College Racial Climates: Speaking Out

A 2017 survey of 706 college presidents conducted by the Gallup organization for Inside Higher Education offers some surprising and even troubling findings. Despite the fact that racial incidents are still occurring on college campuses, most college presidents view race relations positively on their own campuses. Sixty-three percent rated race relations as good and 20 percent as excellent, with only one percent rating race relations as poor. The presidents’ responses were similar in the survey conducted last year. Yet both the 2016 and 2017 surveys reveal a persistent view among presidents that race relations are less positive on other campuses. In 2017 only 21 percent of presidents saw race relations on other campuses as positive, with 61 percent viewing race relations as fair. And 66 percent of the president disagreed or strongly disagreed that racial incidents on campus have increased since the election.

In addition, roughly only a third of the presidents reported that they have spoken out more than they typically do on political issues either during or since the election. Nonetheless, a majority of the presidents believe that the election revealed the growth of anti-intellectual sentiment and a growing divide between higher education and American society.

What accounts for the disconnection between the view from the top and day-to-day racial realities campuses? Take, for example, a report by the Anti-Defamation League released this month indicating that 107 incidents of white supremacist activity on college campuses have occurred during the current academic year. The report indicates the election of Donald Trump has emboldened white supremacists to step up activism on college campus and distribute racist and anti-Semitic flyers.
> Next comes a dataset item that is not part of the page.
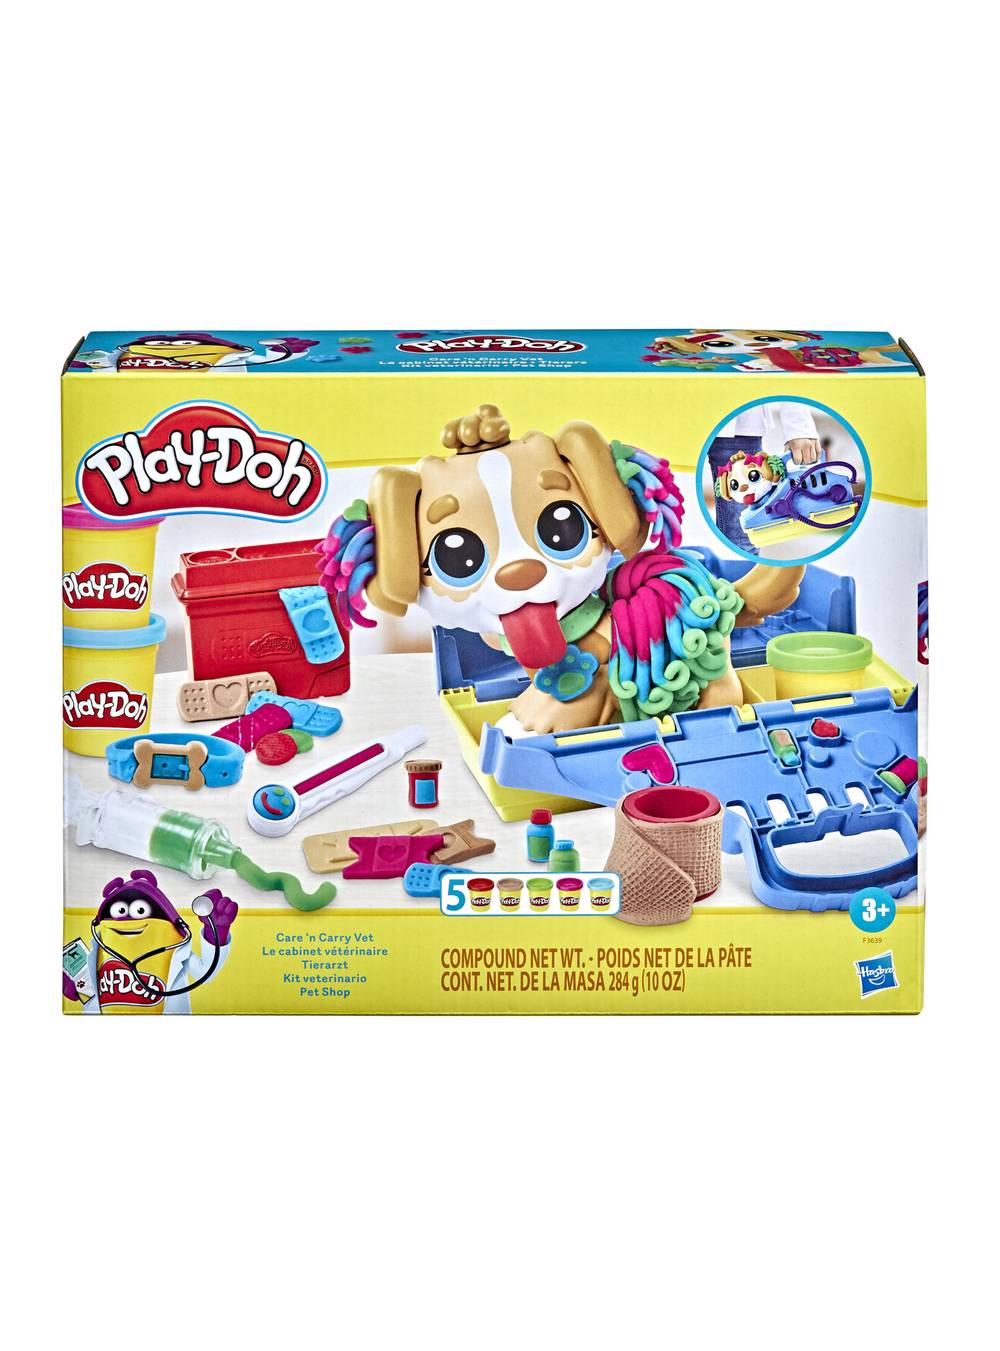 Play-doh care'n carry vet (1 u)
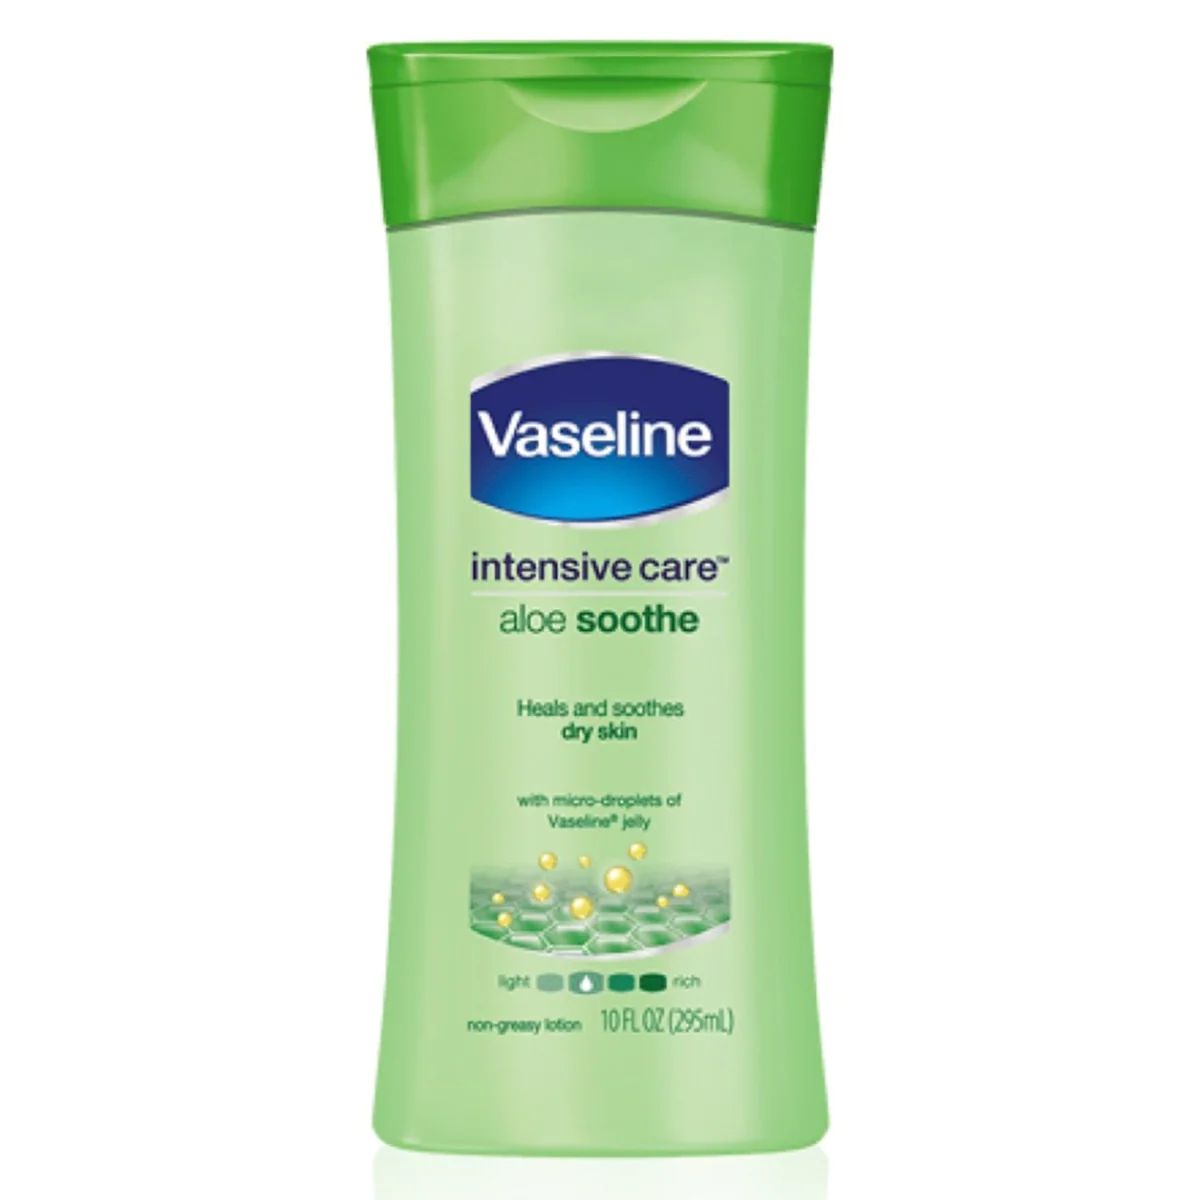 Vaseline - Intensive Care Aloe Soothe Body Lotion - 200ml bottle.

In Alvin Evans and my forthcoming book, Leading a Diversity Cultural Shift in Higher Education (Routledge), our study reveals that the implementation of diversity strategic plans is uneven at best. Such plans may persist as high-level statements without the resources, accountability, and delegation of authority needed to build inclusive campus cultures and ensure equity in processes and outcomes. The continuing isolation of minoritized students on predominantly white campuses has given rise to student demonstrations demanding specific improvements including diversity training, resources, curricular change, and a more inclusive climate. At the same time, the leadership of doctoral universities remains predominantly white and male with a noticeable lack of minority representation among top administration with the sole exception of the chief diversity officer.

It is unclear what objective ways of measuring campus climate led so many presidents to view race relations on their own campuses so positively. An extensive body of social science research demonstrates that in the post-Civil Rights era, subtle forms of “everyday” discrimination such as micro-inequities and micro-aggressions can shape behaviors and send devaluing messages to faculty, staff, and students from nondominant groups. For example, in Diverse Administrators in Peril, our survey of university administrators revealed that African American/black administrators believe to a greater degree that minority employees experience covert discrimination on a frequent basis compared to white participants.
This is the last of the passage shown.